Your task is to repeat the lines below exactly, excluding any pictures they contain.

━━ Data extract

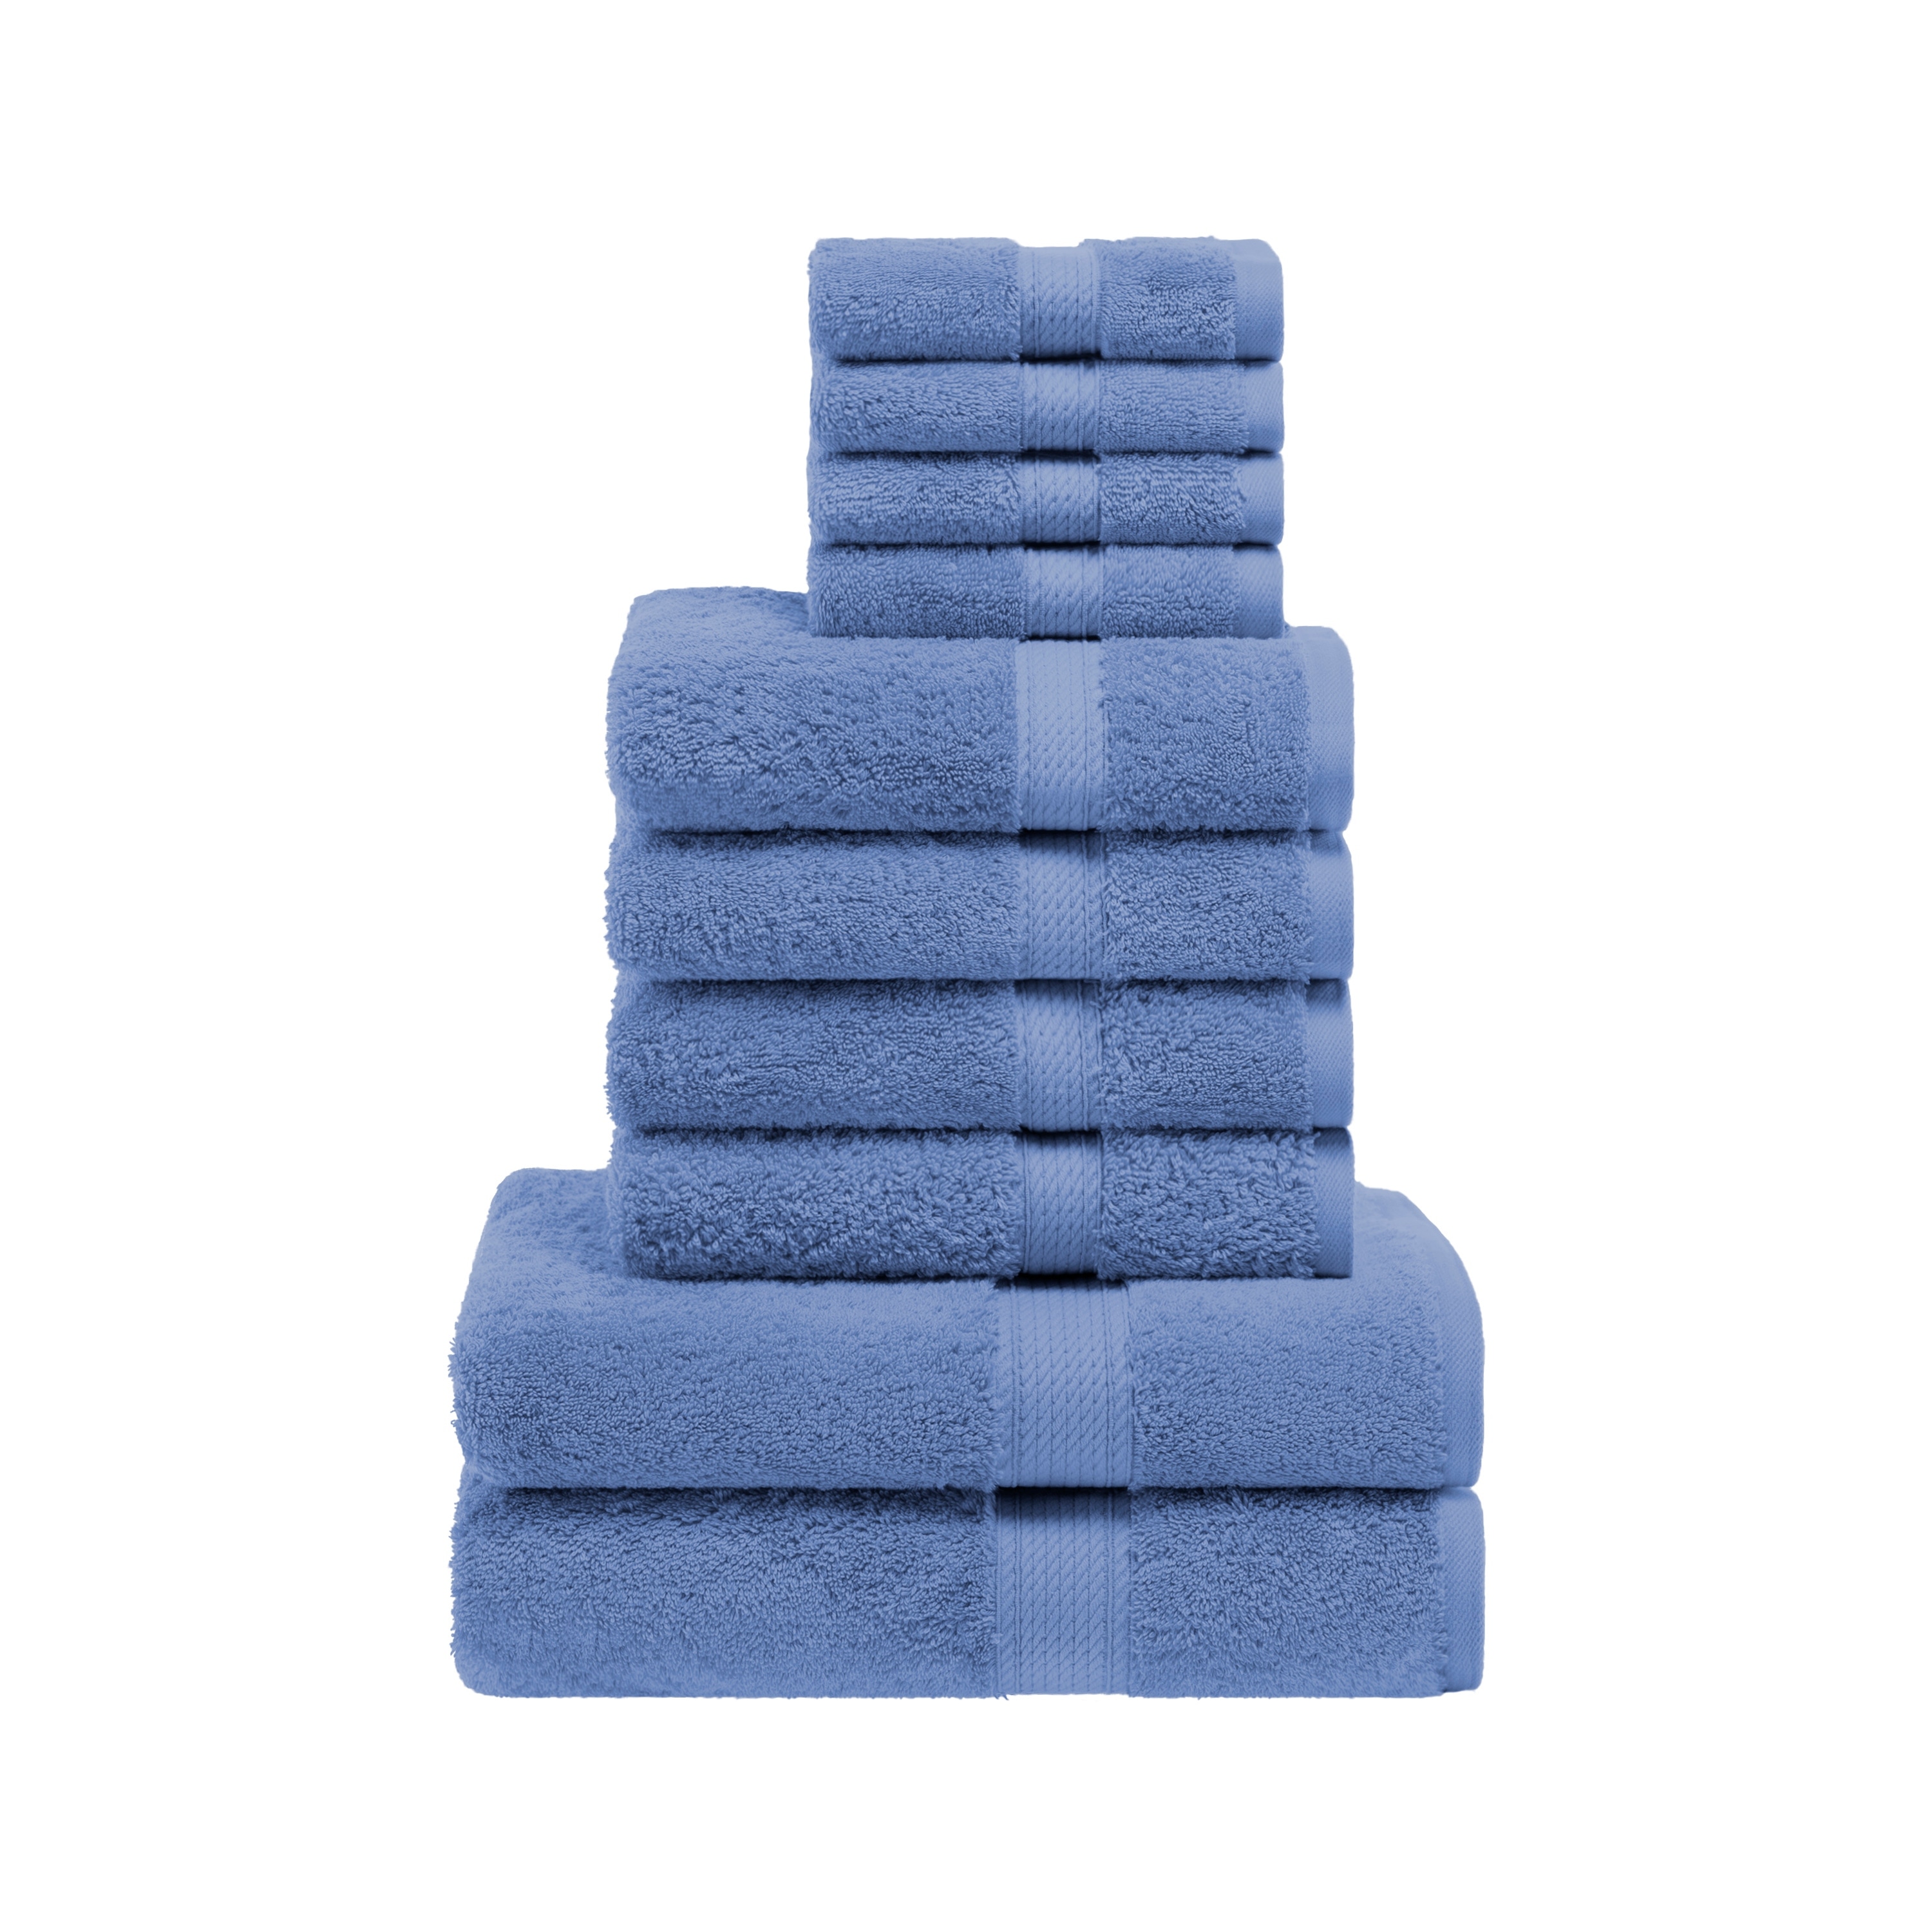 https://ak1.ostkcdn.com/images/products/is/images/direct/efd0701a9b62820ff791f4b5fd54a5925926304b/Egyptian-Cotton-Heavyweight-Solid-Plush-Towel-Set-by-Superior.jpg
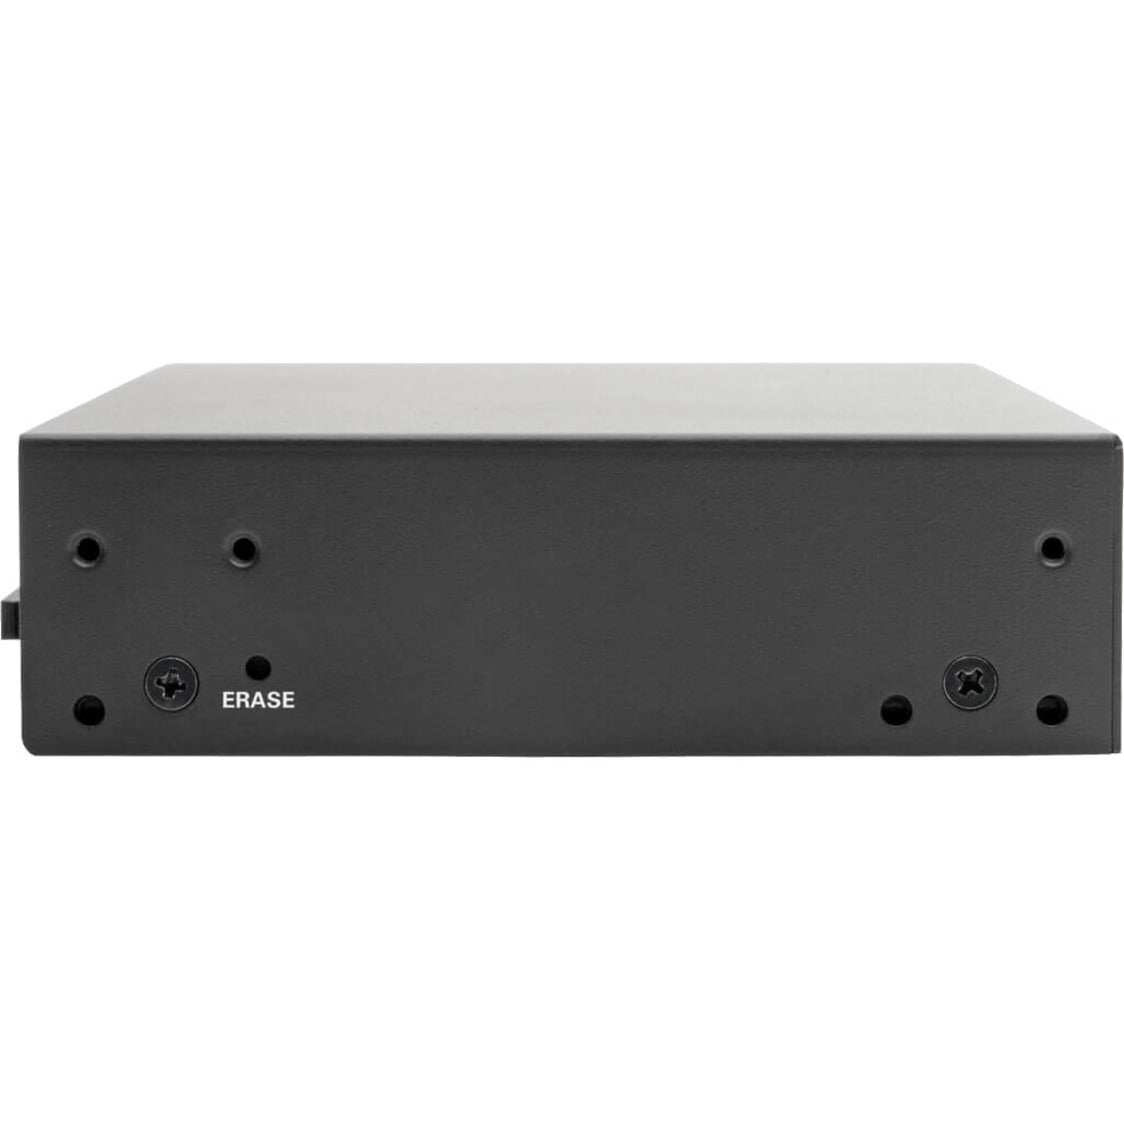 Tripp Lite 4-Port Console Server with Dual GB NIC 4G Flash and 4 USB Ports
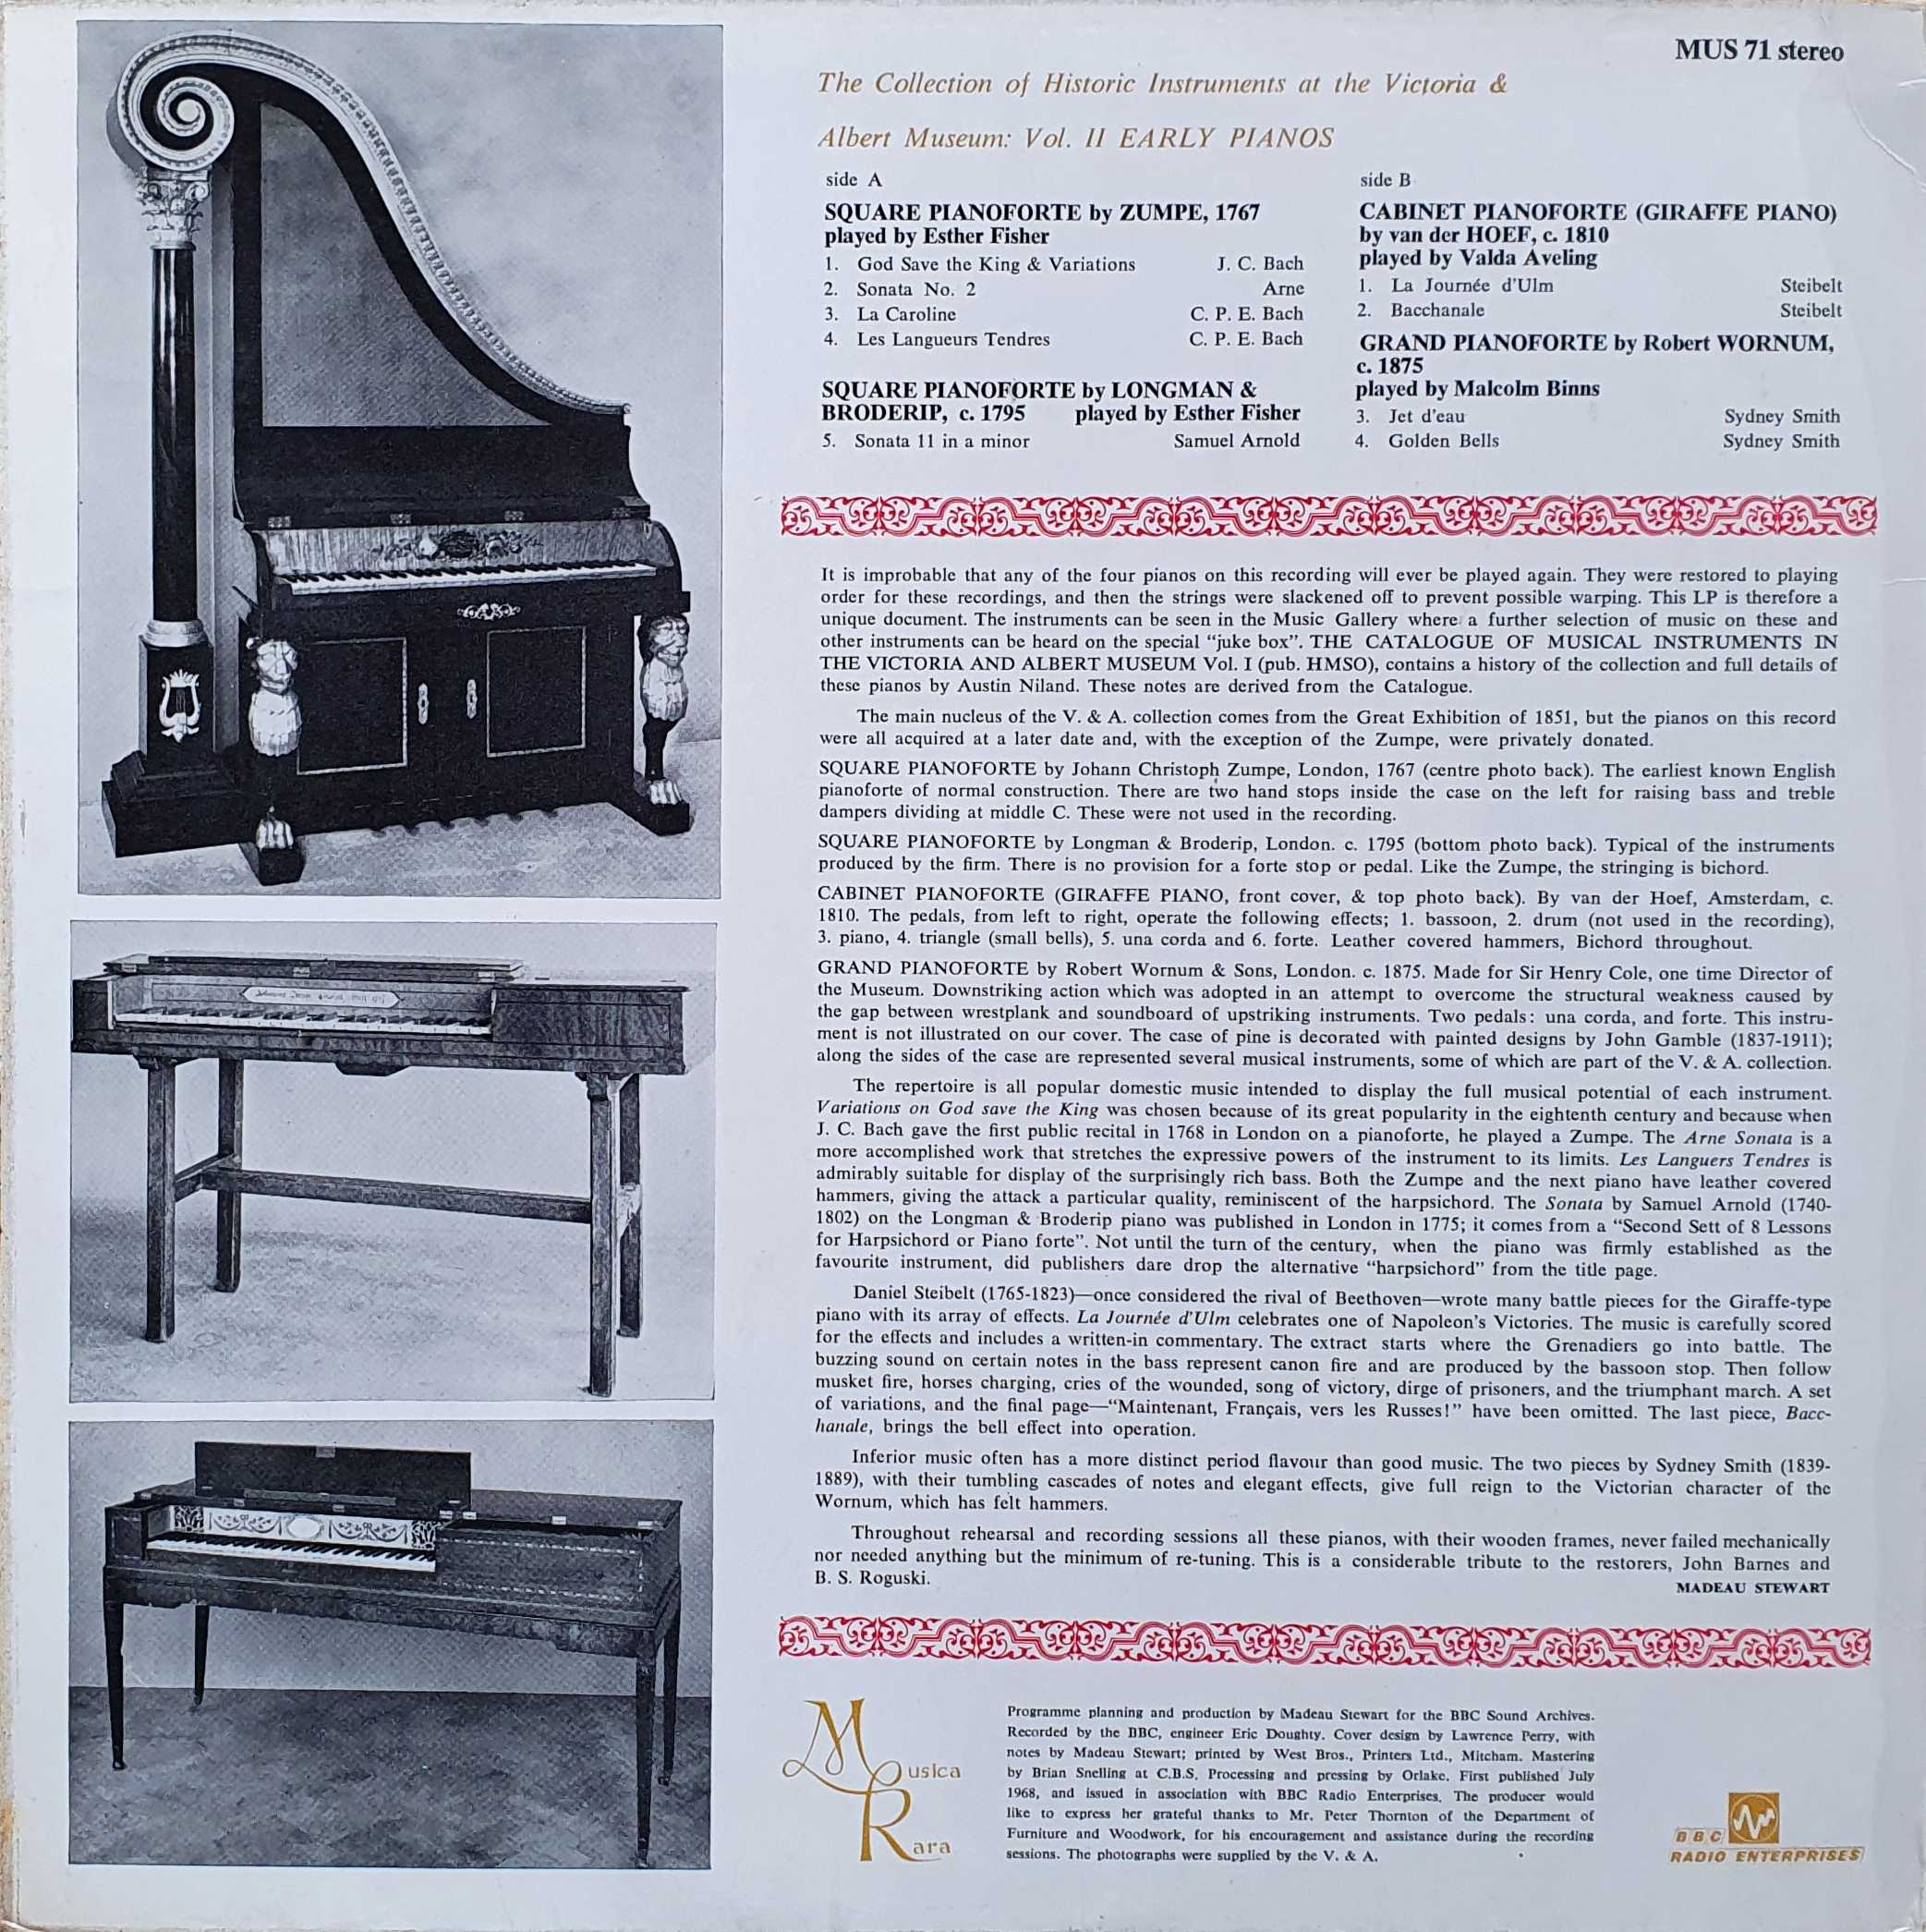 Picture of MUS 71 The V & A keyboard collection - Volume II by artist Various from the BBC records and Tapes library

━━━━

__Solution to this exercise__:
 https://ak1.ostkcdn.com/images/products/is/images/direct/efd0701a9b62820ff791f4b5fd54a5925926304b/Egyptian-Cotton-Heavyweight-Solid-Plush-Towel-Set-by-Superior.jpg
 Tripp Lite 4-Port Console Server with Dual GB NIC 4G Flash and 4 USB Ports
 Picture of MUS 71 The V & A keyboard collection - Volume II by artist Various from the BBC records and Tapes library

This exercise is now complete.